**ACTION ITEM**: Type the data below again exactly. Omit all pictures.

**INFORMATION SHOWN**:
Content starts

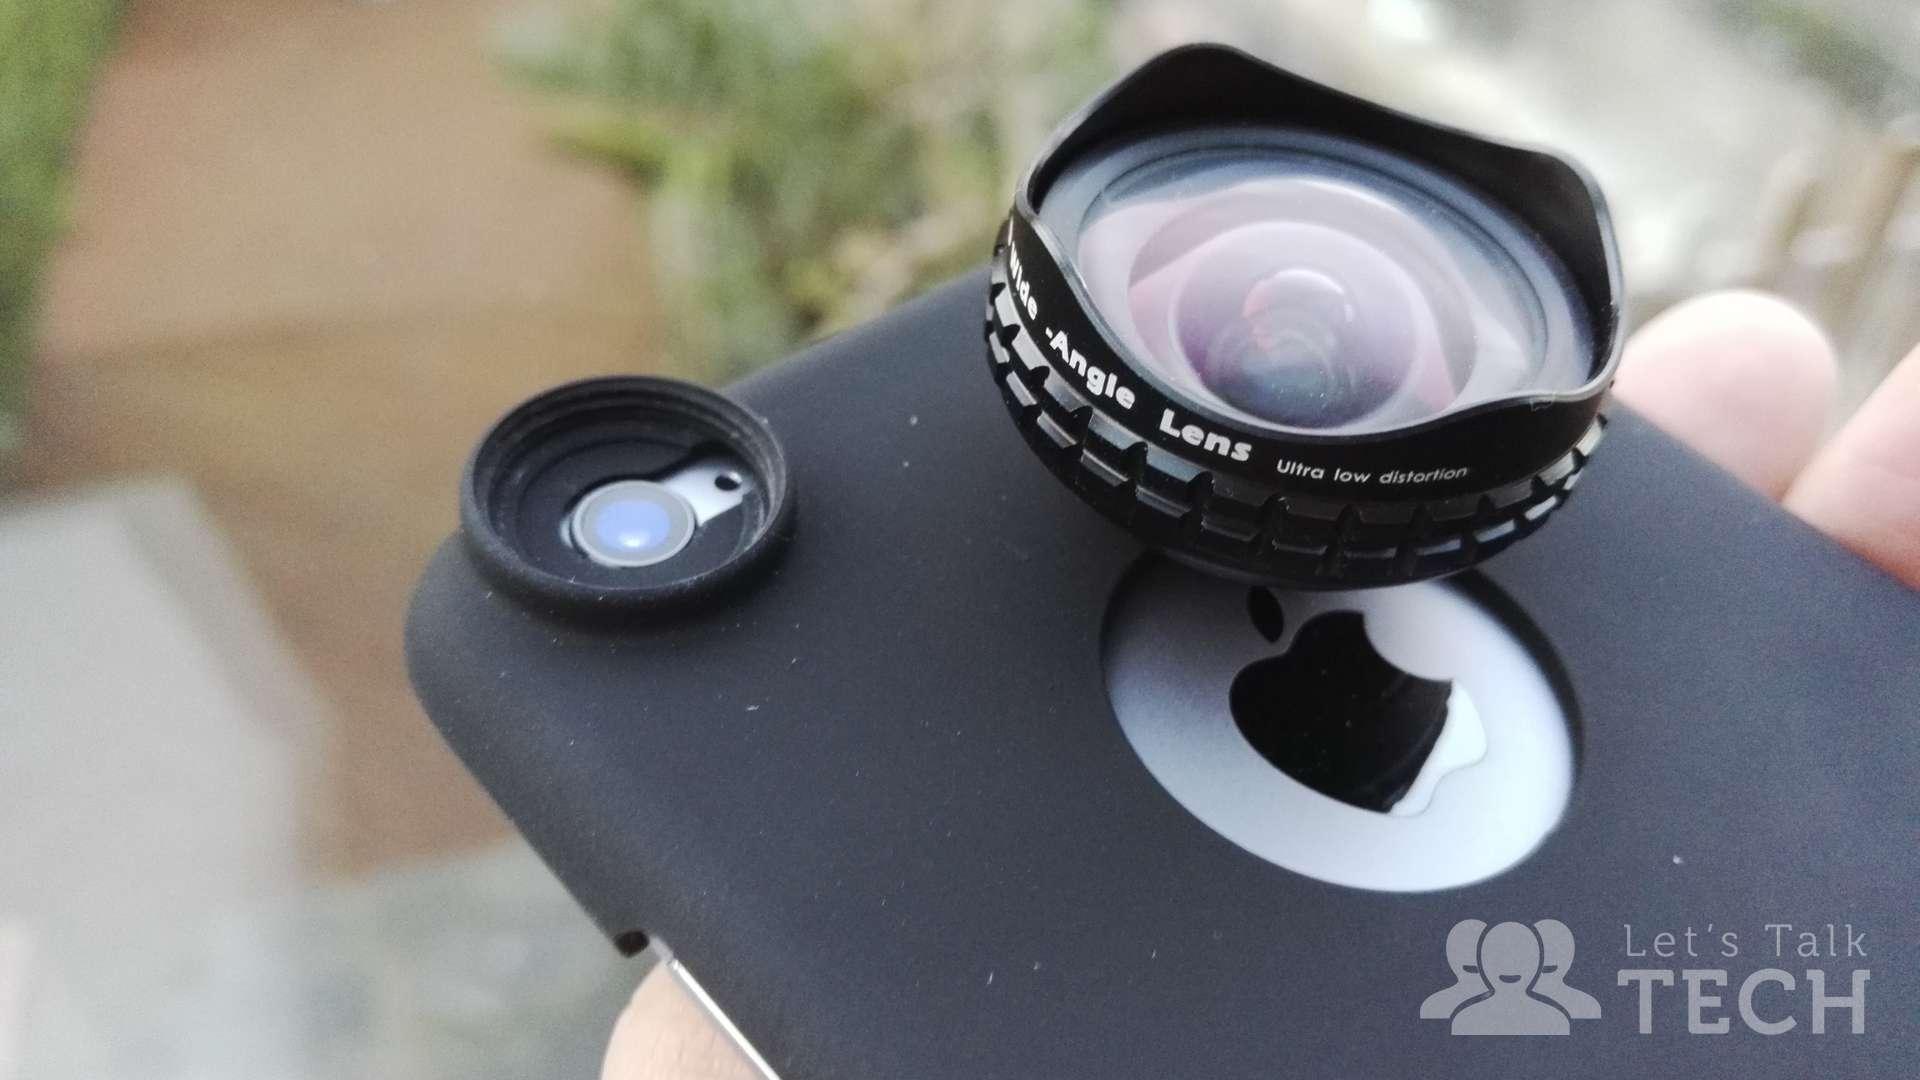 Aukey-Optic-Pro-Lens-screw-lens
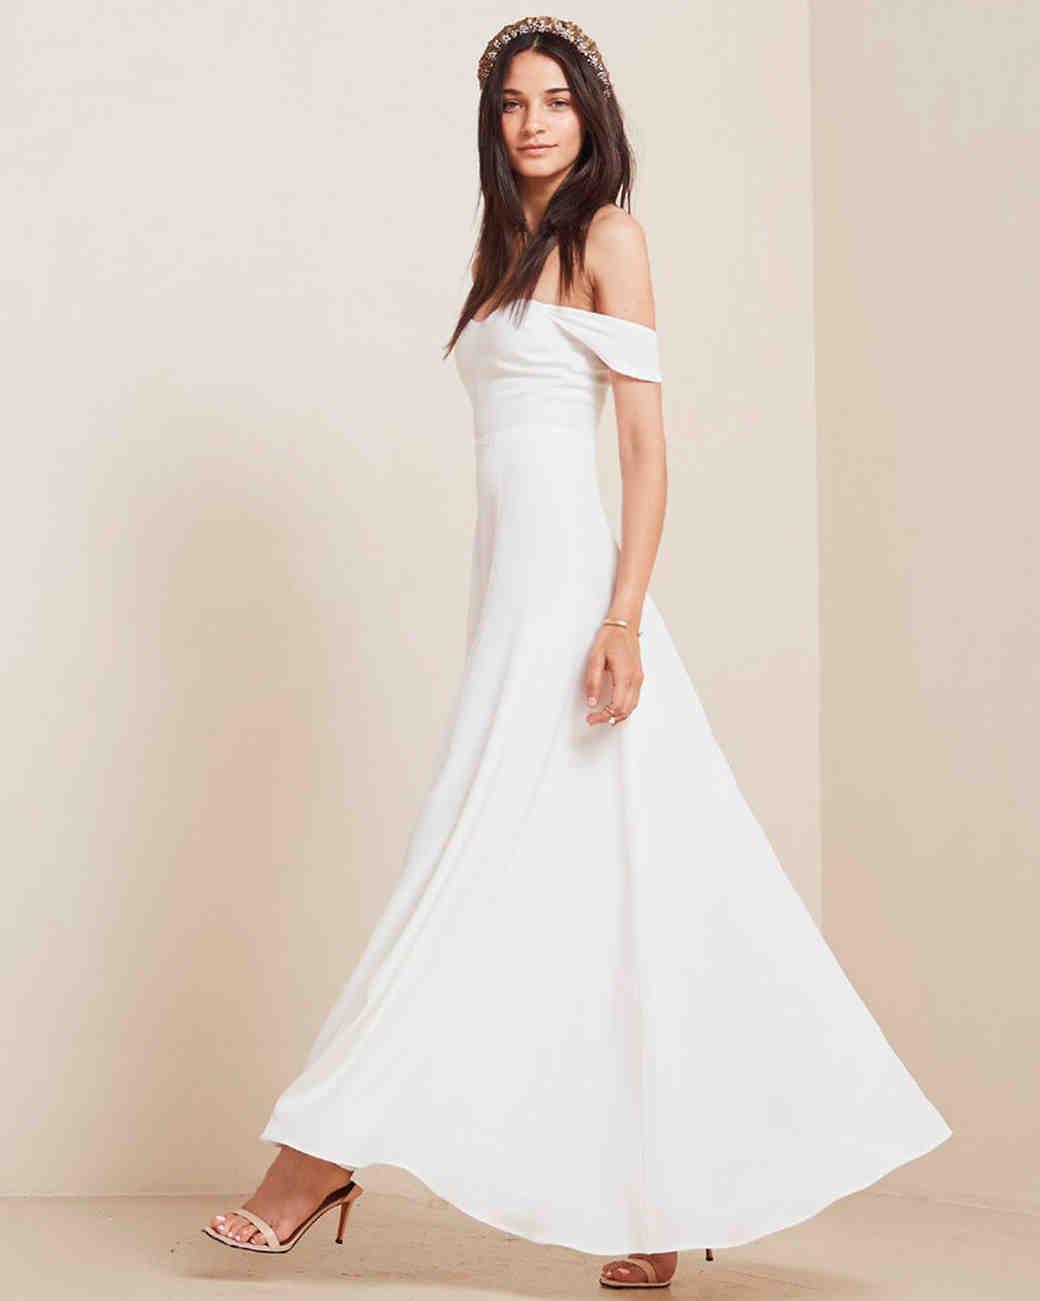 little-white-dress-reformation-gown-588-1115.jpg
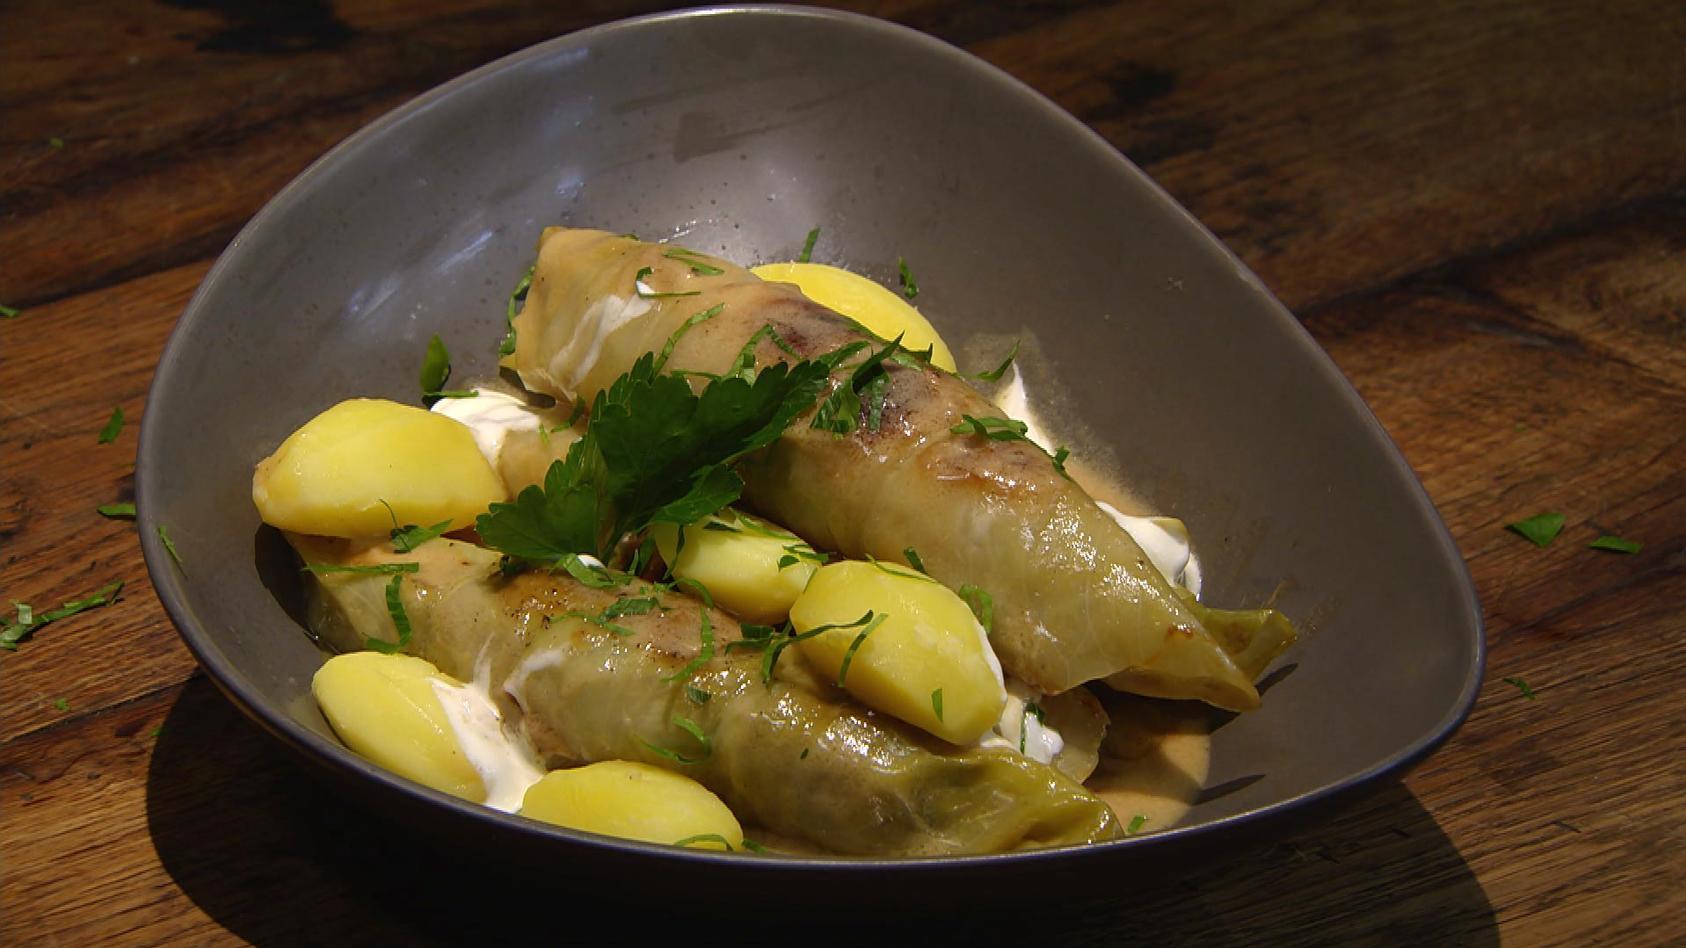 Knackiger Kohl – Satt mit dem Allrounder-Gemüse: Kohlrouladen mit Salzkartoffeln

Content ends

**ANSWER TO THE EXERCISE**:
 Aukey-Optic-Pro-Lens-screw-lens
 little-white-dress-reformation-gown-588-1115.jpg
 Knackiger Kohl – Satt mit dem Allrounder-Gemüse: Kohlrouladen mit Salzkartoffeln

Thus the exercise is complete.